Patients on Medicare and Medicaid:
Similar to the other subgroups, patients with Medicare and Medicaid insurance using an average target glucose of 110mg/dL showed promising outcomes on Omnipod 5.
The Medicaid insurance cohort (n = 1064; median age 21 years) had a median TIR of 62.2% and time <70 mg/dL of 1.12%
The Medicare insurance cohort (n = 1503; median age 67 years) had a median TIR of 72.3% and time <70 mg/dL of 0.91%.
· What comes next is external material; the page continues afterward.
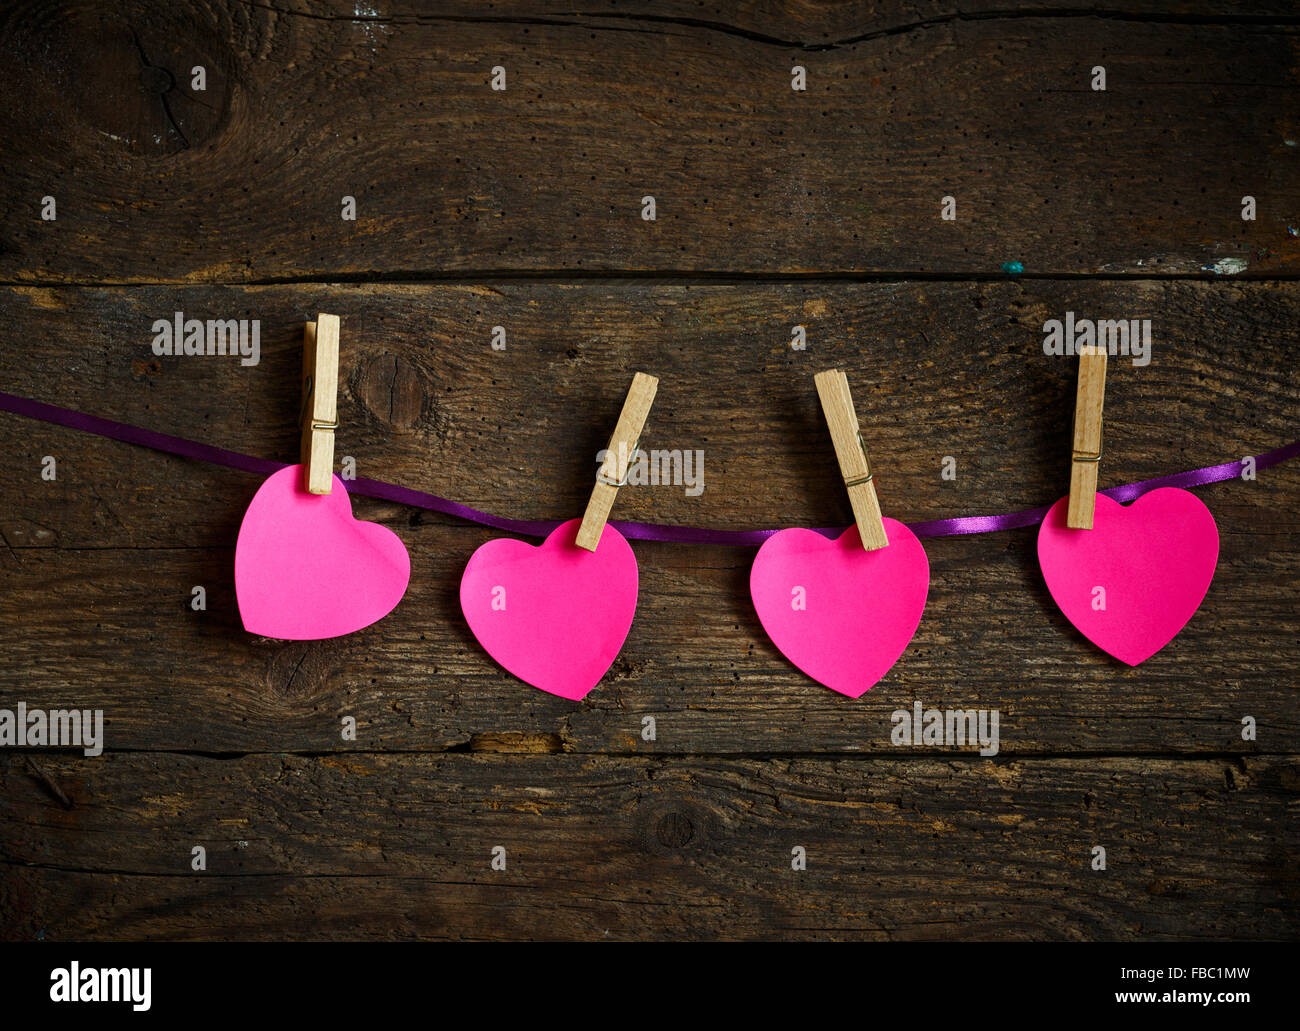 Coeur rose papier coupé avec pinces à linge. Image de Valentines Day saison. Banque D'Images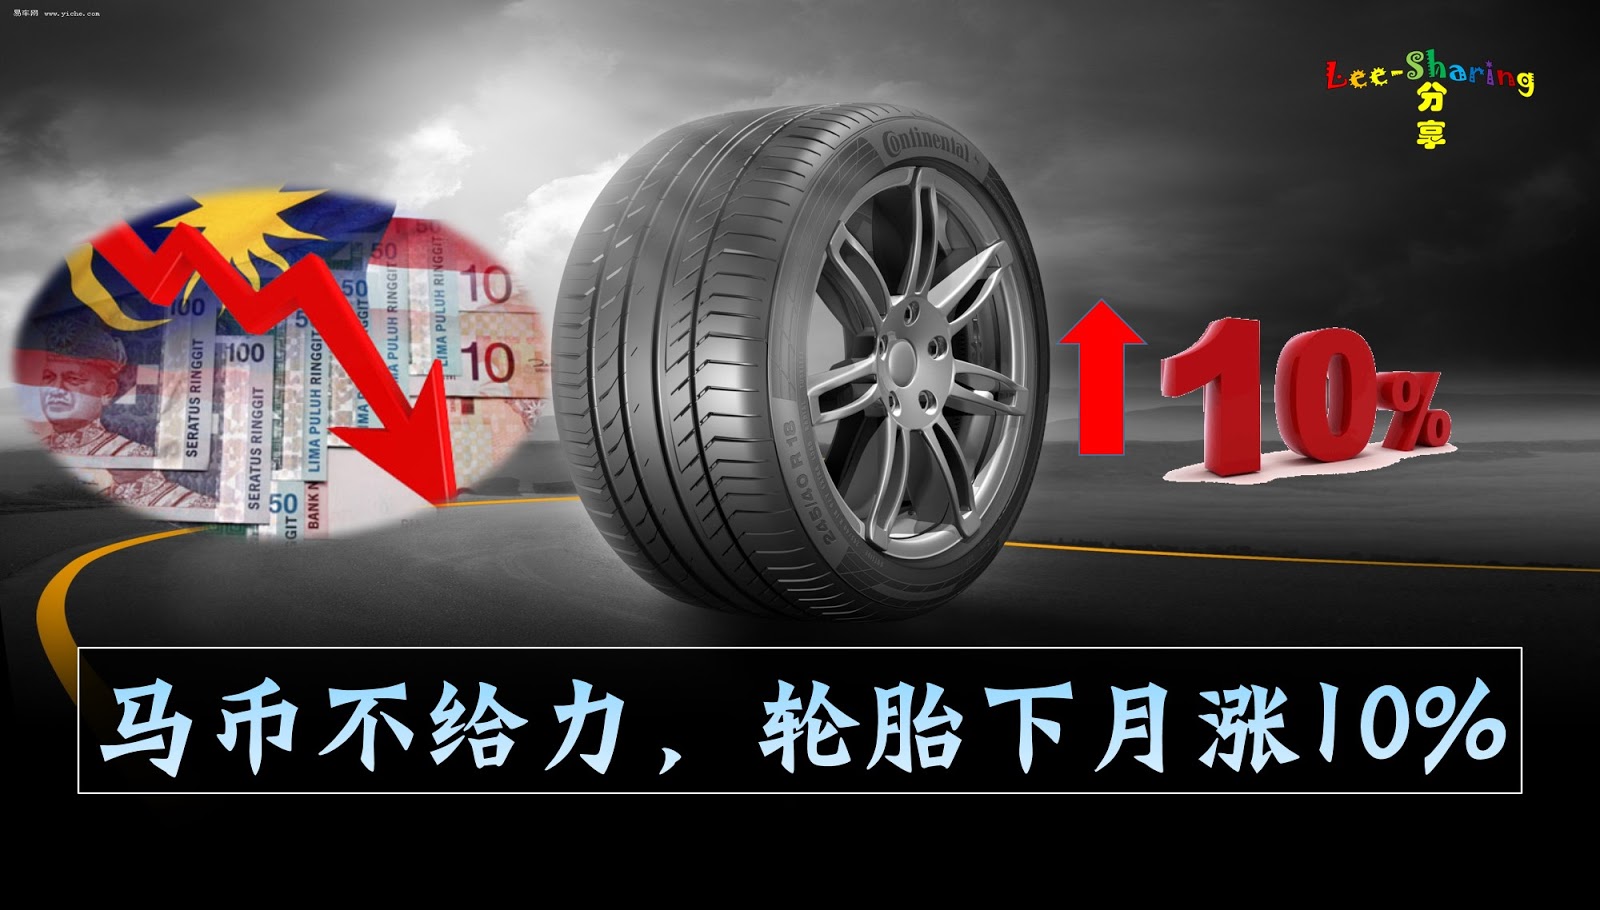 轮胎海报合成创意广告图教程设计_王某人 设计作品--致设计

Limitations of this study include exclusion of patients who discontinued Omnipod 5 use within 90 days, self-reported user demographics, the lack of a control group, and the exclusion of off-label use. Overall, the study also has major strengths, such as the large data set and the fact that the automatic data uploads via SIM card or wireless internet minimized selection bias.4 The authors note that “such a sizeable sample provides evidence of Omnipod 5 System use in a more diverse population, including nearly 6,000 users with public health insurance and users that may not be considered typical candidates for AID.”
Key Takeaways
Omnipod 5 was found to be used effectively outside of a clinical setting and achieved outcomes that were comparable to those of the pivotal trial.6 On the population level, patients who used the lowest target glucose also saw the highest TIR outcomes. However, the authors note that the high incidence of young patients and the 40% of adult patients using the customizable glucose targets “emphasizes that having the option to customize glucose targets can be beneficial to optimize outcomes and personalize care.”
Though the authors listed several other studies of real-world evidence for AID, they stressed that there are multiple factors impacting the results of a real-world study, including where the study cohort is from. For example, “national registry data have demonstrated people with T1D in the US have higher HbA1c levels on average compared to people with T1D across Europe.”7 Due to these confounding variables, the authors caution comparing real-world evidence outcomes between studies.
Finally, the authors write that “future investigations can help understand the challenges faced by users who are not achieving consensus targets, the underlying differences between those with and without sufficient data, and reasons for attrition.”